Tuesday, December 22, 2009

This Christmas...

... in Britain has an underlying seriousness not sensed in recent years. There's a sadness about. It's not just that cold weather has disrupted many poeople's travel plans, so that families are divided and people have been stranded at airports and in the Channel Tunnel. It's not just that there's a cyncism about, with one of the year's main news stories being about Members of Parliament grabbing so much money dishonestly through an inflated expenses scheme. It's not just the continuing rise in crime, and family break-up. It's more than all that. It's somehow connected with a nostalgia for the beautiful and the true. It's connected with all the current propaganda denying Christianity its rightful place in our history and traditions and culture and common life, and with a feeling that even joking about this makes one somehow vulnerable. There's a disconcerting am-I-allowed-to-say-this feel in the air when people mention the profound religious truth that is at the heart of Christmas...

10 comments:

Anonymous said...

I say let's blow political correctness. As Christians, Christmas is one of our two main festivals. Let us be proud of it. Let us rejoice in it. Let us celebrate it as Christians should. Who knows, if we stand up for the true meaning of Christmas it might make non-Christians think there is something more about it than tinsle and getting drunk.

Anonymous said...

I read that Obama has placed a likeness of Mao on the White House "Christmas" tree!

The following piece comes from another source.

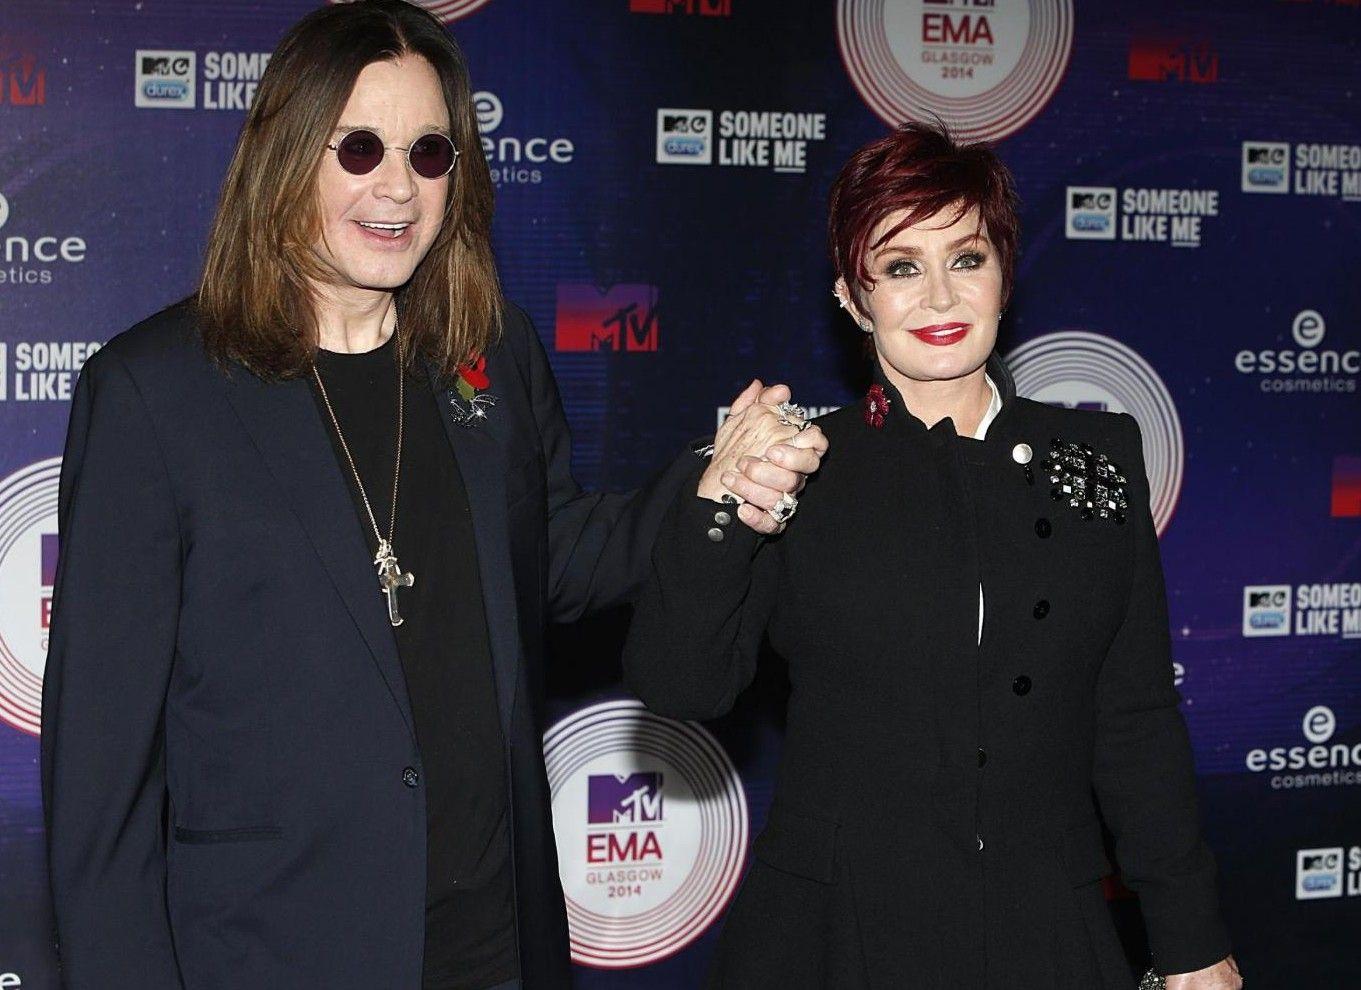 Divorzi vip 2016: le coppie celebri che sono arrivate al capolinea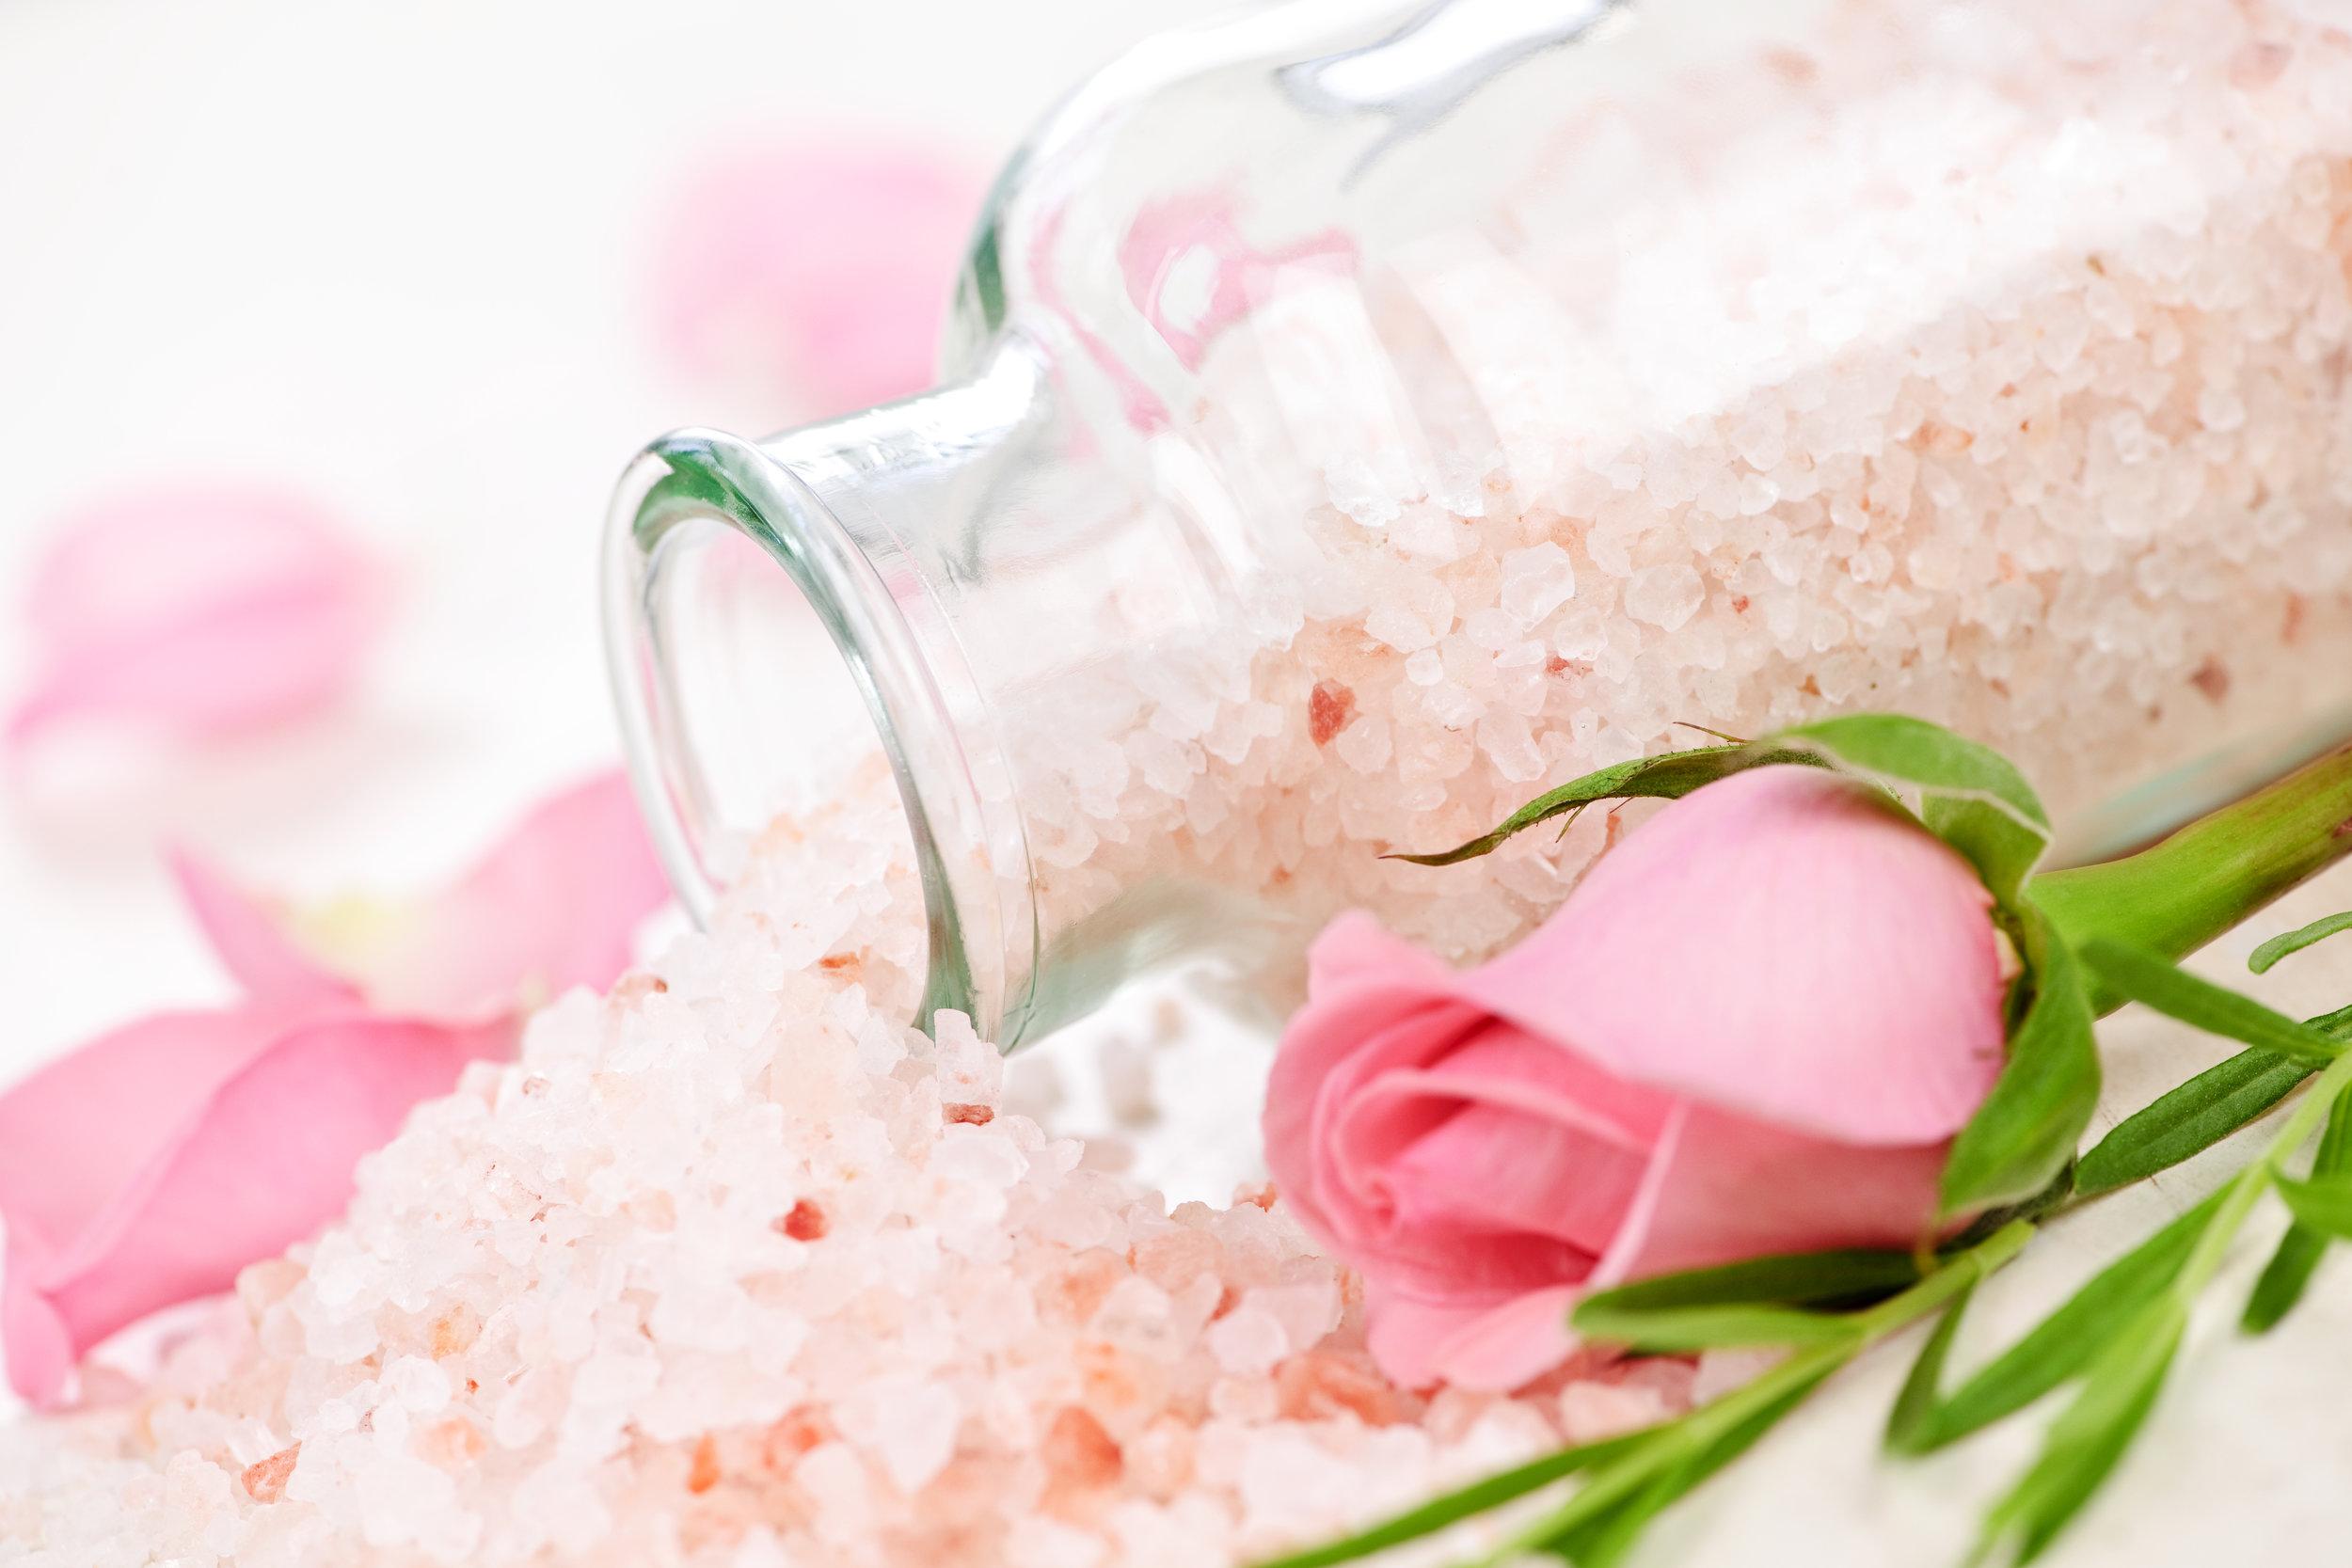 epsom salt prostate

The Christ is disappearing from Christmas and from Western civilization. I gathered as many of the wholesome Christmas movies as I could and will read from my collection of classic Christmas stories. Most of all, I will have my Nativity scene nearby and Jesus in my heart, so that He will know that He is not forgotten and that I am grateful for all of the indignities and hardships that He suffered for me.

Anonymous said...

Let us understand that this is our time to not faint but to be strong and keep proclaiming the Good News of Christ Our Savior. Many chrisitians have suffered hardships and are being persecuted today for their faith. We have to remain united and stronger than ever. Let us commit to that.

Anonymous said...

I don't know abuot Mao on the White House tree, but I do know they are calling it a Holiday Tree instead of a Christmas Tree, and the Christmas Cards they sent are terrible ,sterile and secular

Of course they didn't send me one....snicker

Sharon said...

Here in Australia I am reading more and more often of children or early adolescents hurting or killing other children or adolescents. That would have been unthinkable not so long ago.

My son has self censored himself at work - not wishing anyone Merry Christmas unless someone else says it first. He's not the only one. No instructions have come from the company - it is just in the air.

Anonymous said...

Unfortunately, we in the States have exported our brand of politically correct silliness around the world.

When I worked in a department store, we sold black nativities which were carefully labeled as "African-American Nativity Sets." Everyone would laugh at the notion of an "American Nativity Set," but wouldn't dare laugh at a sign that says "African-American" because that would be racist. Every year, the ornaments and decorations we sold had less to do with Christmas.

I now work at a company that carefully promotes Kwanzaa on an equal level with Christmas (oops, I meant "the holiday") because failure to do so would be construed as racist. The break room bulletin board display gives meticulously equal space to Hanukkah (a minor holiday), Christmas (a major holiday) and Kwanzaa (a bogus holiday invented by a Marxist professor at Cal State in the '60s.) The entire month of January is devoted to Martin Luther King, who is treated with far more reverence than Jesus, and February is Black History Month which stays up until April. (Easter doesn't get a mention.)

Merry Christmas from the States!

Big Sis said...

Here in NZ it's been a perfect day in paradise all over the country. No doubt some one somewhere has not had the best day, but for most of us with our friends and families we've enjoyed the sunshine, the warmth and and the celebration of Christmas in our own way on a gorgeous summer day. It makes up for a lot! We still wish every one a Merry Christmas and certainly don't think twice about it!

johnf said...

I suspect that the real deep down reason that Christmas is being whitewashed out is that it celebrates the mystery and the miracle of birth.

This of course is anathema to modern secular society which is more attuned to abortion.

Emily said...

Let us join together and stay strong. We can send religious Christmas cards and we can display a star in our windows. We can attend Christmas Mass. We can encourage our Christian neighbors to keep Christ in Christmas. We can teach the real meaning of Christmas to our families.

Be not afraid was the advice of JP II.

Auntie, thank you for bringing us together and giving us a place to see that we, Christians, are all in this together. Let us live so that one day our ancestors will say we stood firm in our convictions.

robert summervile said...

God is love and God is true.
He will always see us throught.
With our faith strong a deep within our hearts. The non believer will not tear us apart.